# 06 Altima HID Issue



## fahadmk (May 25, 2009)

Hello, 

Im fairly new to this whole thing, but really needed some help. 

Just purchase a H1 conversion kit for my 06 Altima , but the HID bulb doesnt seem to wanna fit into the headlight. 

It keeps hitting the reflector, which i cannot take out. 

Has anybody else experienced this issue?

Is it an issue with my kit do you think?

Thanks for the assistance!


----------



## Nickaltima (Jan 11, 2008)

my 03 has h1 and when i put my hids in i had to ream out the gray plastic backing to get everything to fit through and had to rtv the gap up because i got moisture..other than that they went in fairly easy 25 min install


----------



## hotsauced7021 (Oct 26, 2009)

I have a 2003 2.5L...and when I bought aftermarket headlights.. I installed new HID's in them and had to cut out the backing to make the bulb fit.. I just got some needle nose pliers and took off a little piece on each side of the holes where the H1 bulb goes...

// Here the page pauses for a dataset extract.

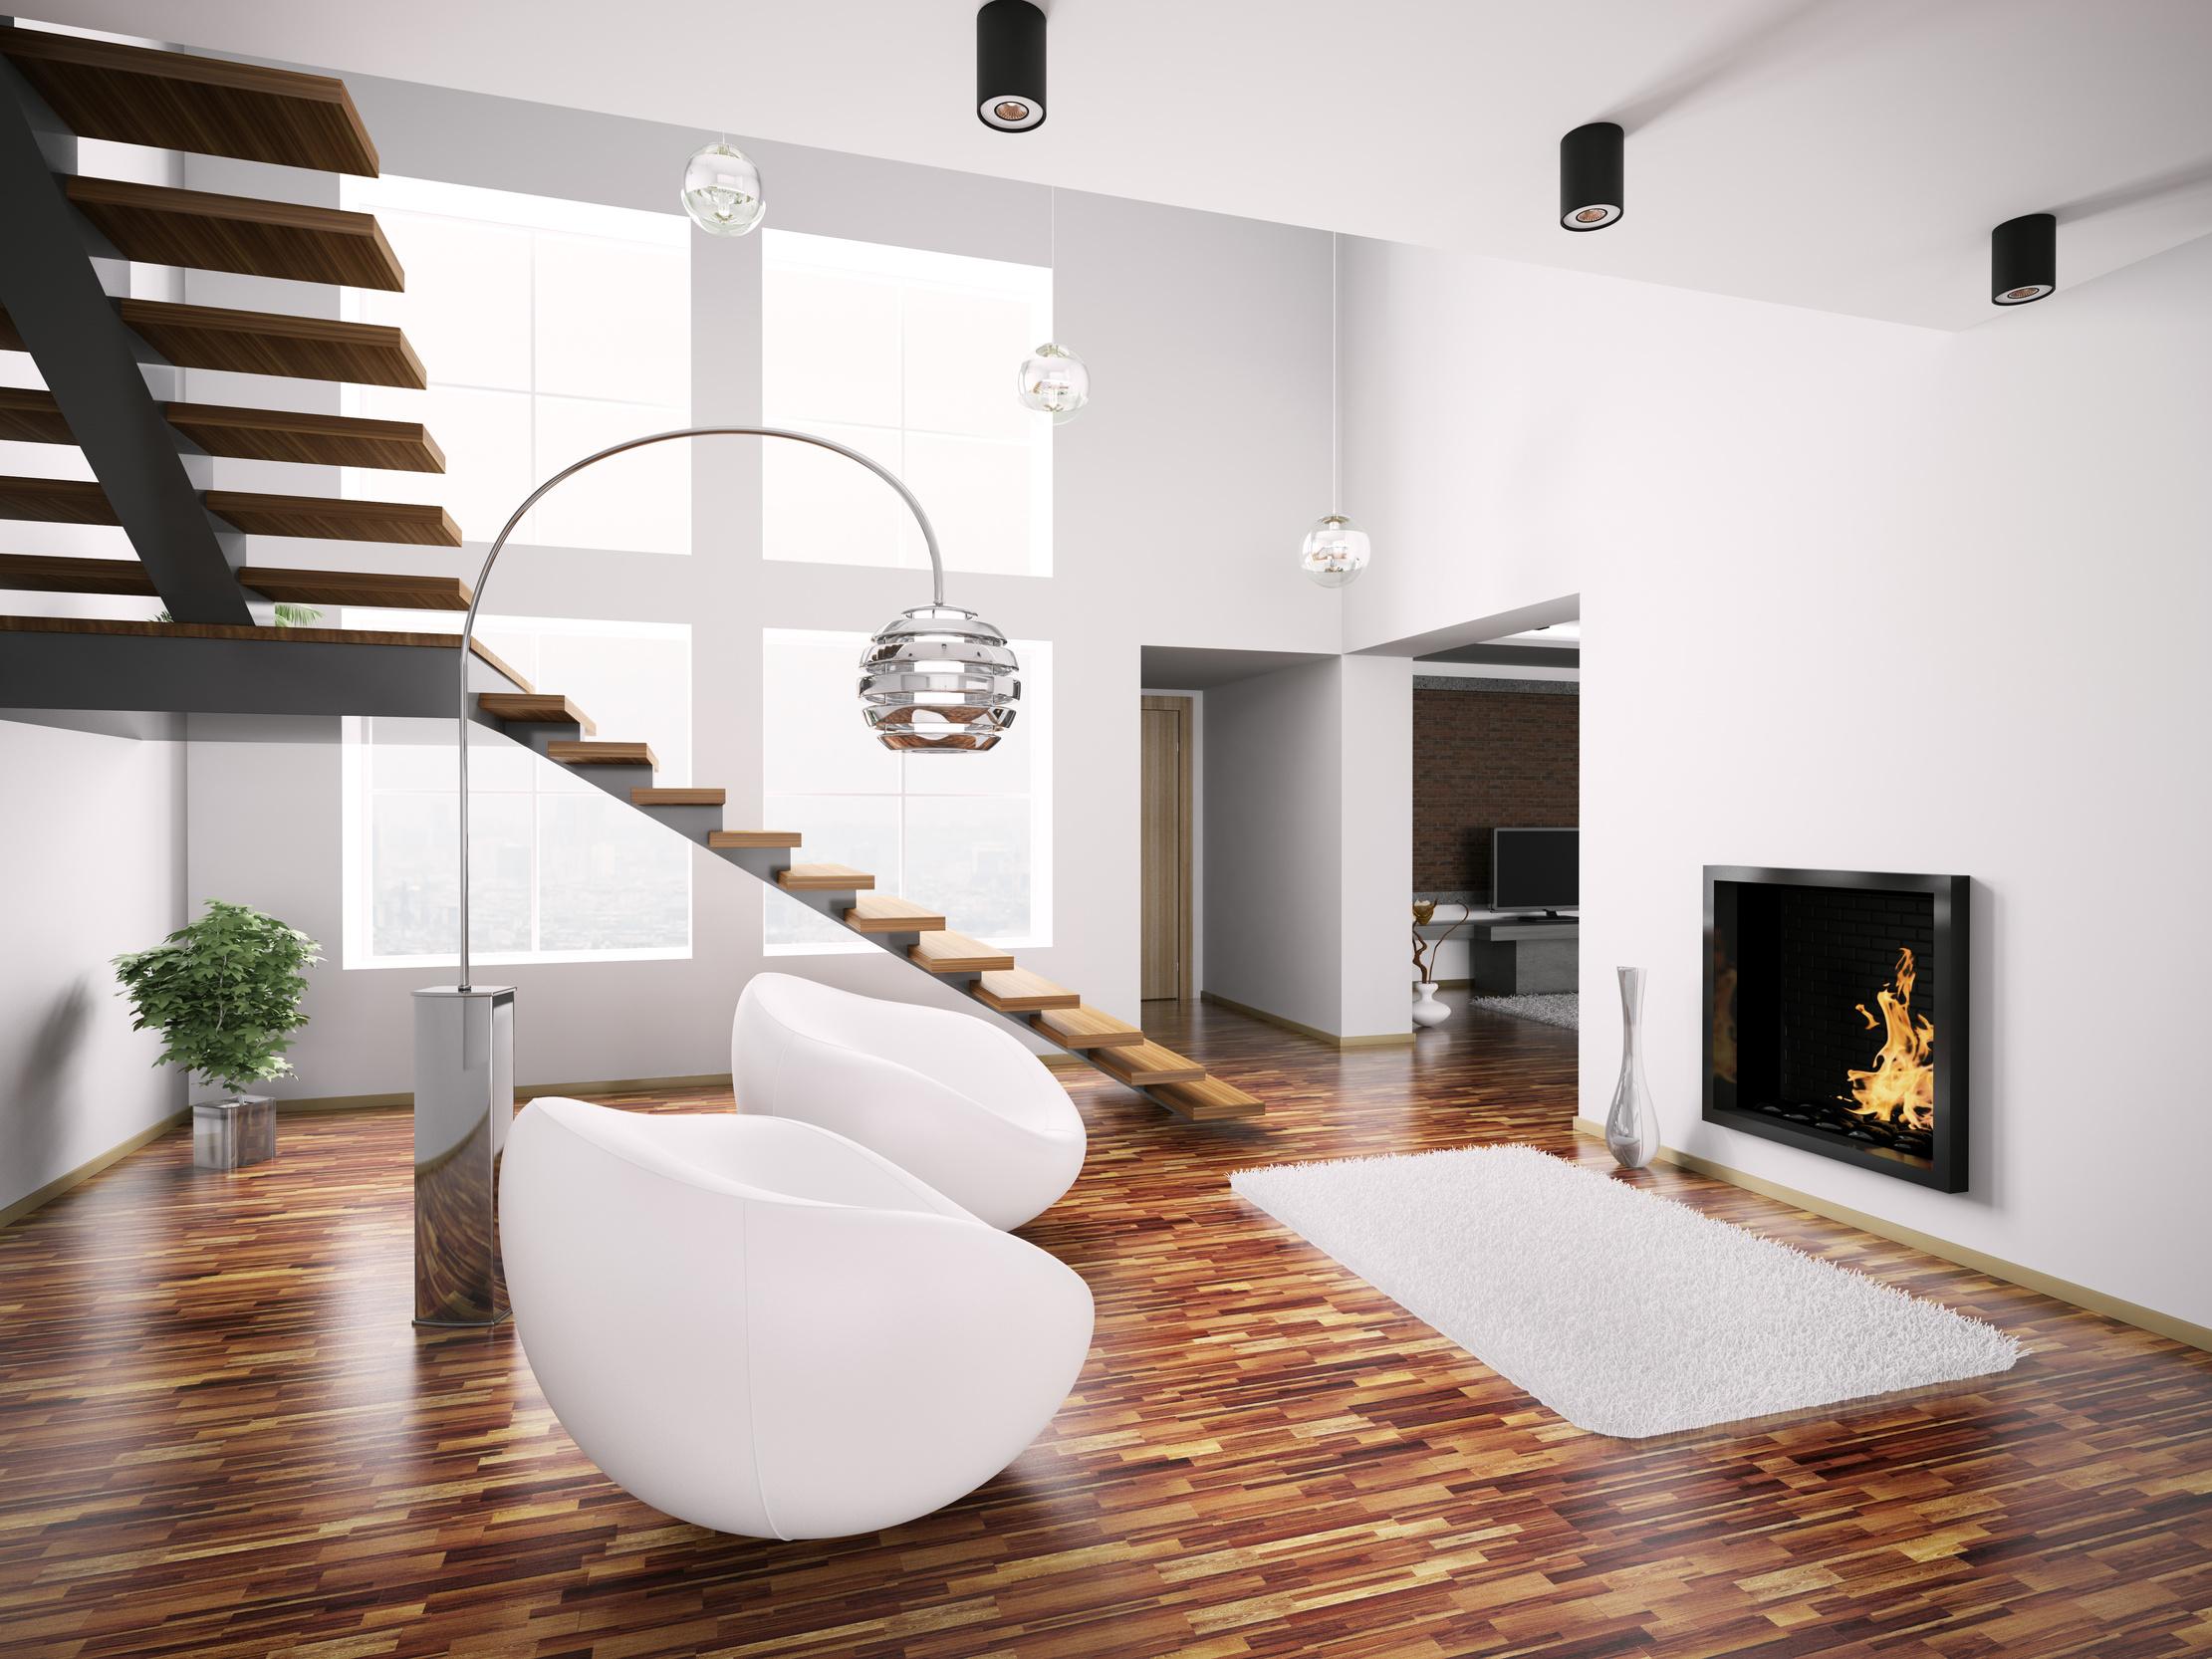 Kosten Badkamer Hypotheek : Home
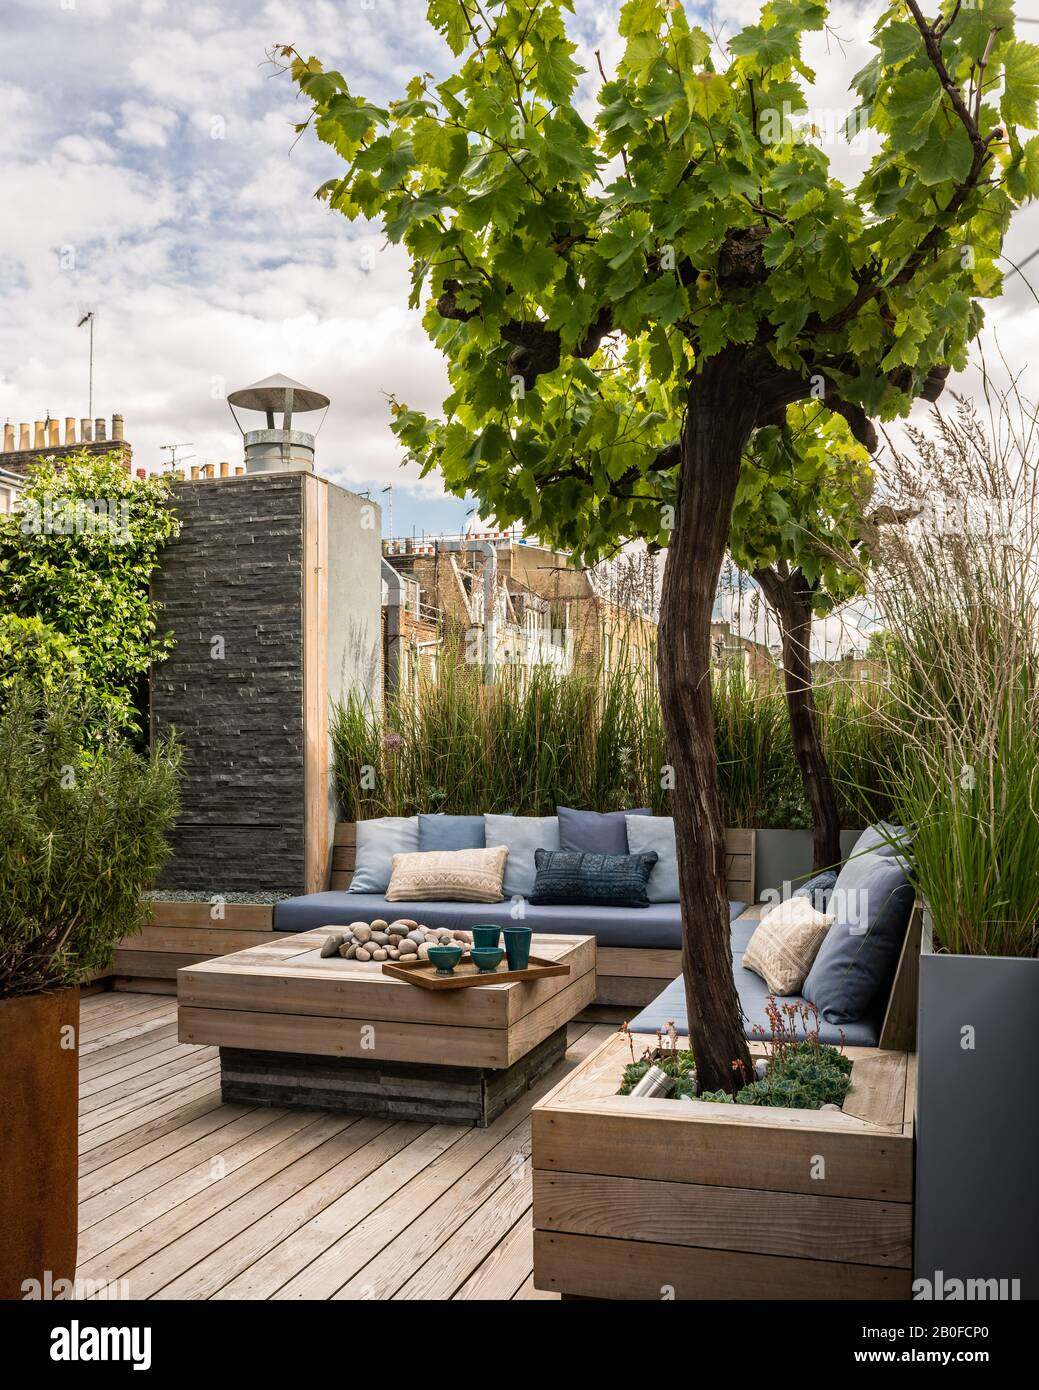 Jardin design par Adolfo Harrison sur la terrasse sur le toit de l'appartement ouest de Londres Banque D'Images

just make sure you install the rubber grommet properly or you run the risk of ruining your headlights...thats the reason why I bought new headlights....the guy who installed my old HID's left a huge gap and moisture got in the headlight.

Also, make sure to adjust them to the proper height by turning the screw...you can adjust them while they are already installed..just get a long Philips screwdriver and turn the screw from the top...there is a little gap to do it..


----------



## hotsauced7021 (Oct 26, 2009)

Hope that helps!


----------